In the Best Actress category, Emma Thompson was left out in the cold for her portrayal of Mary Poppins author P.L. Travers in Saving Mr. Banks. Despite her getting many precursor nominations, she was likely left off the Oscar list because many critics perceived the character as a cold monster.
However, this perception of Travers is simply not true. She is distant and off-putting when the film begins, but she becomes much more relatable as the audience learns her backstory and the reason she is so attached to her characters. Travers’ relationship with her limo driver also humanizes her. Finally, the one moment Travers truly lets loose, belting out “Let’s Go Fly a Kite” with Disney staffers, made me happier than any other movie scene this year. Thompson’s work is much more complex and multilayered than it first appears, making the Academy’s dismissal of her even sadder.
The list of Best Actor nominees lacked several other notable names. The Academy did not reward Tom Hanks’ work as the title character of Captain Phillips. Some of Phillips’ former crew members asserted that the film idealized the captain, and this whiff of historical inaccuracy seemingly hampered Hanks’ chances.

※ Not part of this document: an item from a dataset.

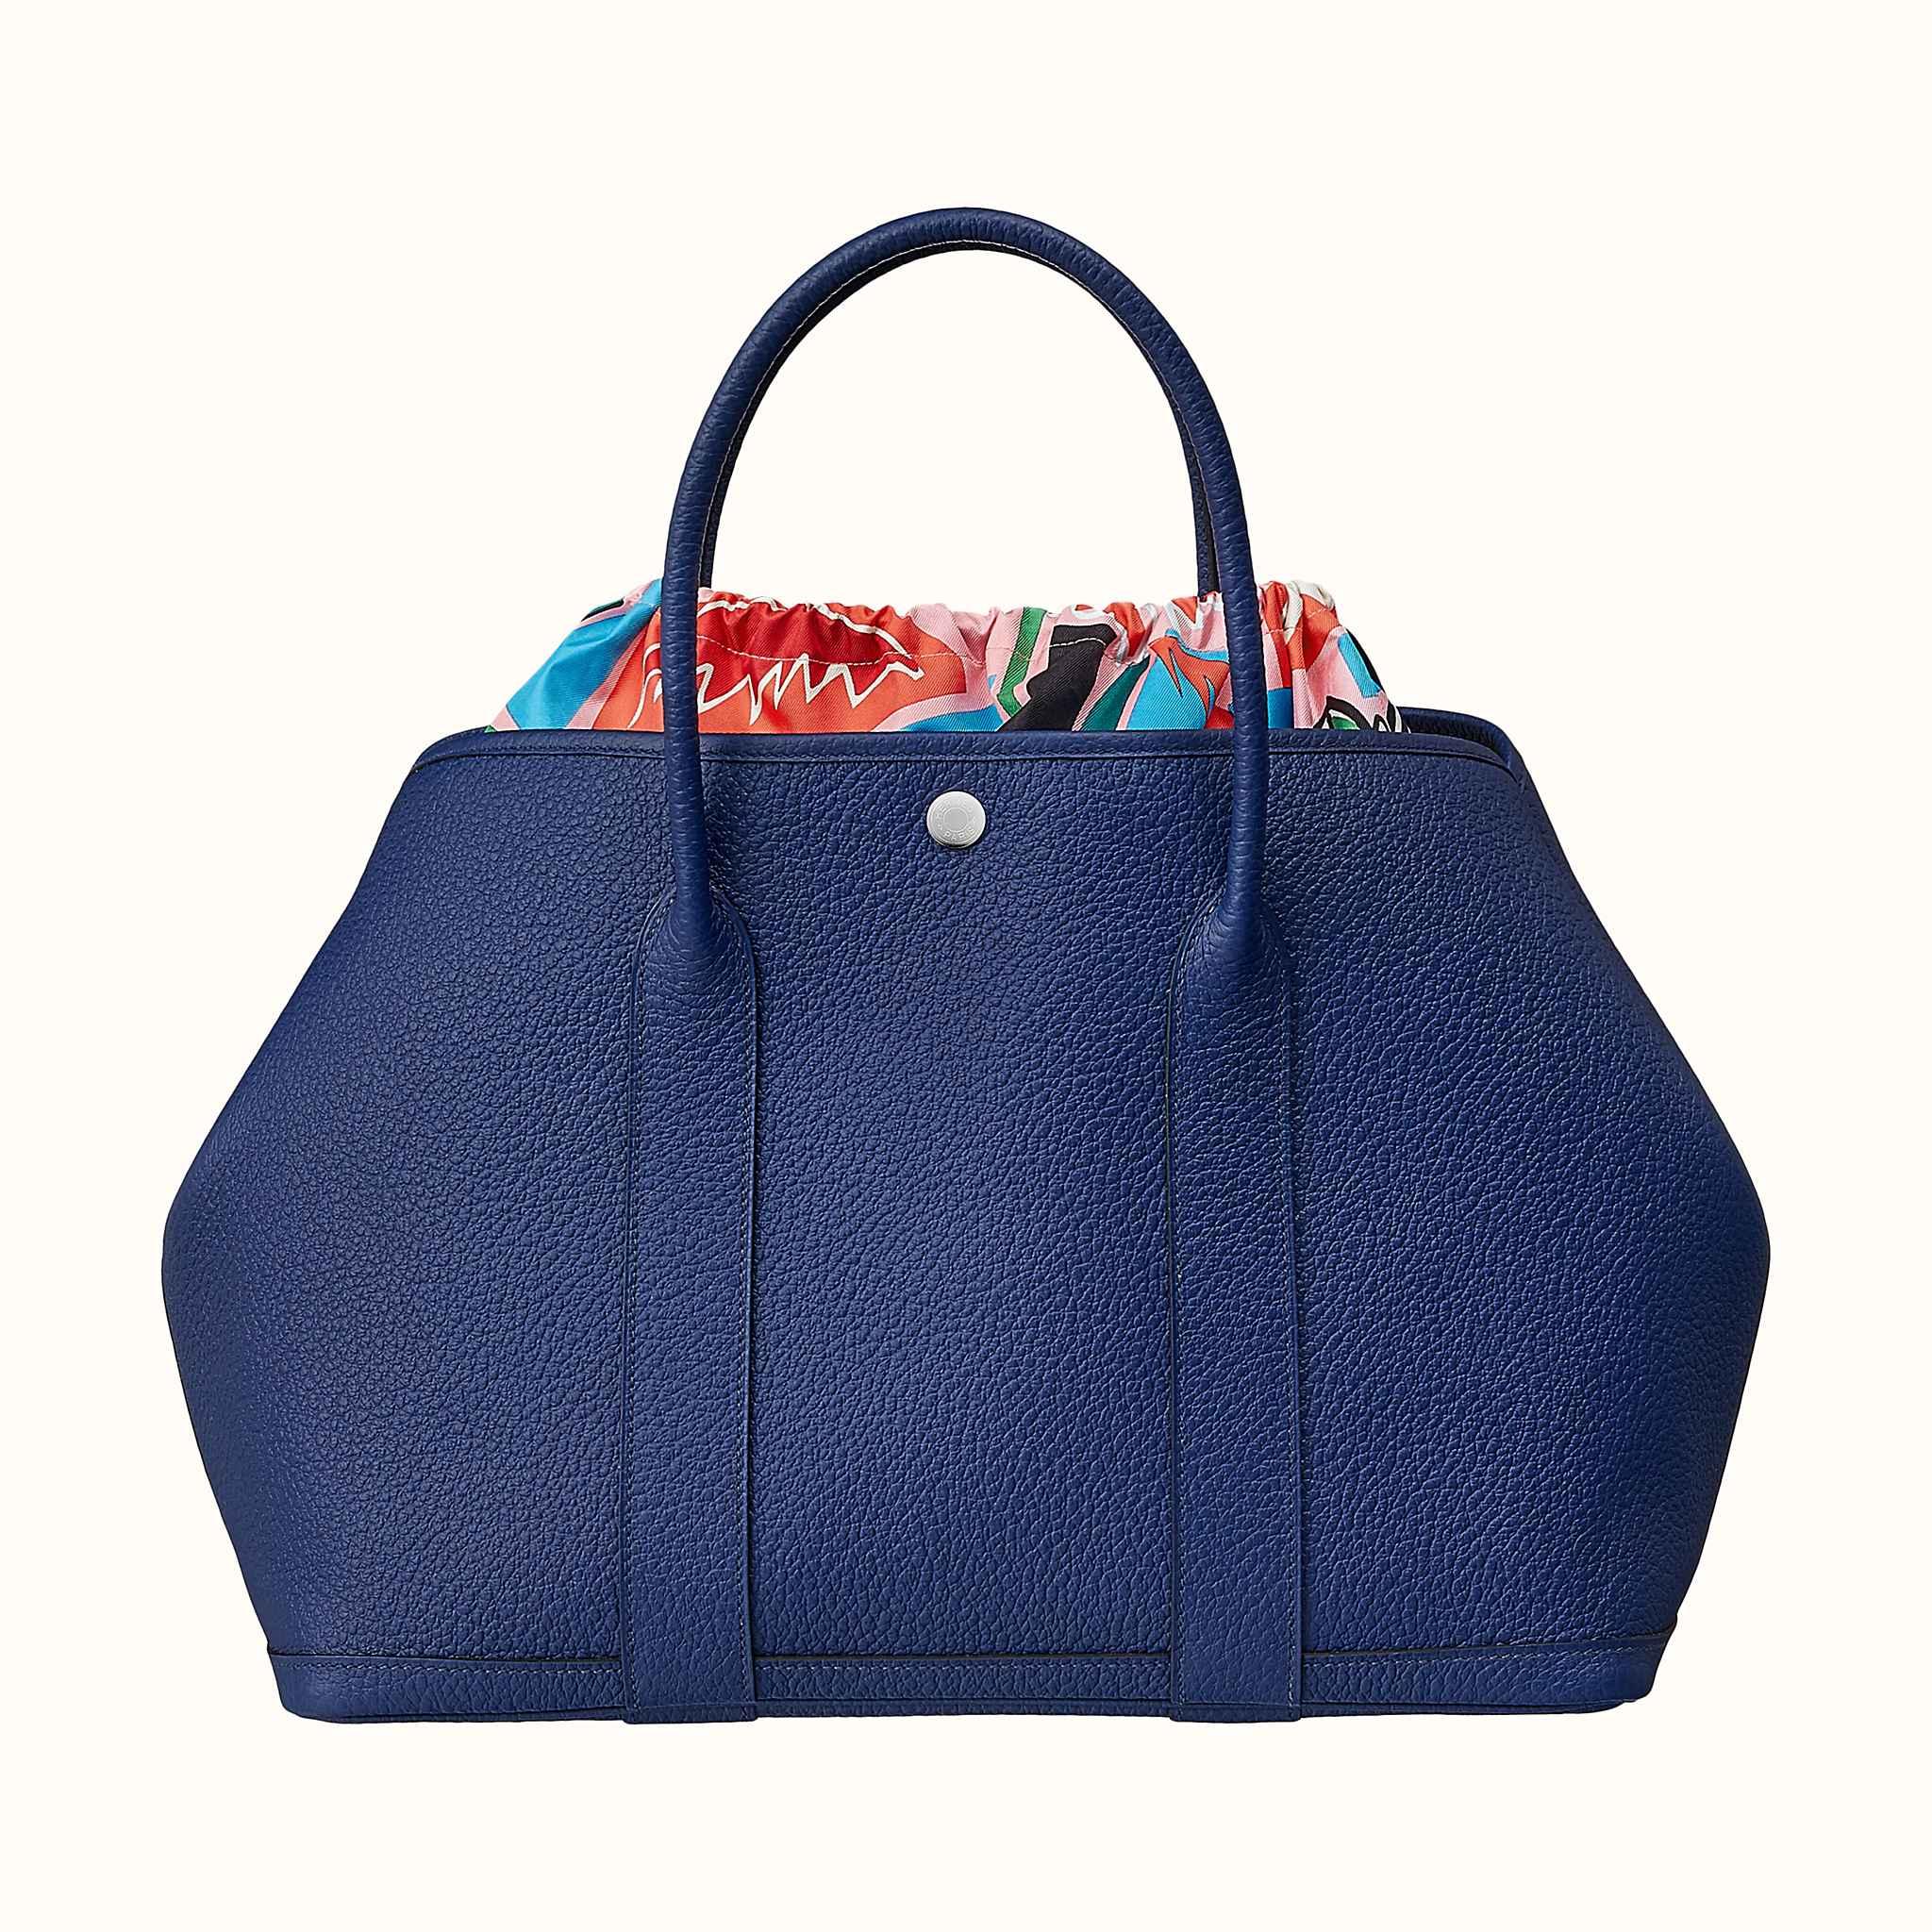 2c82351a1293 Garden Pouch 36 bag
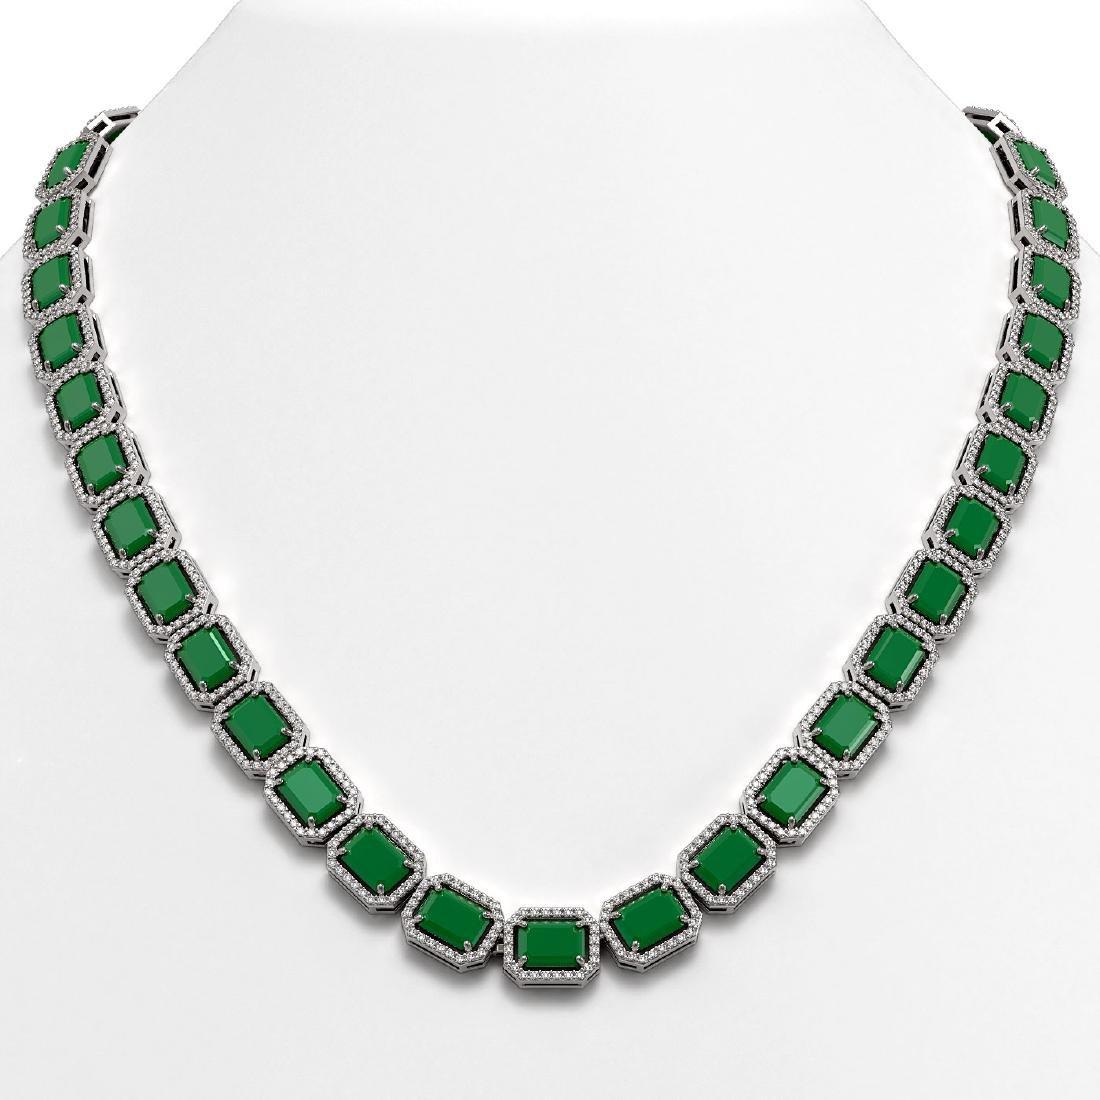 58.59 CTW Emerald & Diamond Halo Necklace 10K White

With this unfortunate decision, the Academy missed a chance to recognize Hanks for some of the best work he has ever done. Tom Hanks demonstrates his great emotional range as he transitions from a captain in control to a defenseless victim of Somali pirates. In the final scene of the film, when Phillips is rescued, Hanks’ portrayal of a leader in shock allows him to exercise his acting muscles unlike ever before, deserving to be rewarded rather than cast aside.
In the same vein, legendary Robert Redford’s work as Our Man in the high seas thriller All Is Lost was dismissed, reportedly because Academy members found the film difficult to watch. Redford’s omission is heartbreaking. At 77 years old, Redford does not have many more chances to nab a Best Actor statue. Also, his movie brings the art of cinema to a whole new level. He gives a performance just as physical as Tom Hanks’. Redford even does Hanks one better, however, keeping the audience’s interest in his plight with only actions and facial features as his performance is virtually silent. That he succeeds is reason enough to nominate him.
I will still tune into the Oscars as a faithful moviegoer; however, this year I will also remember those performances that the Oscars ignored.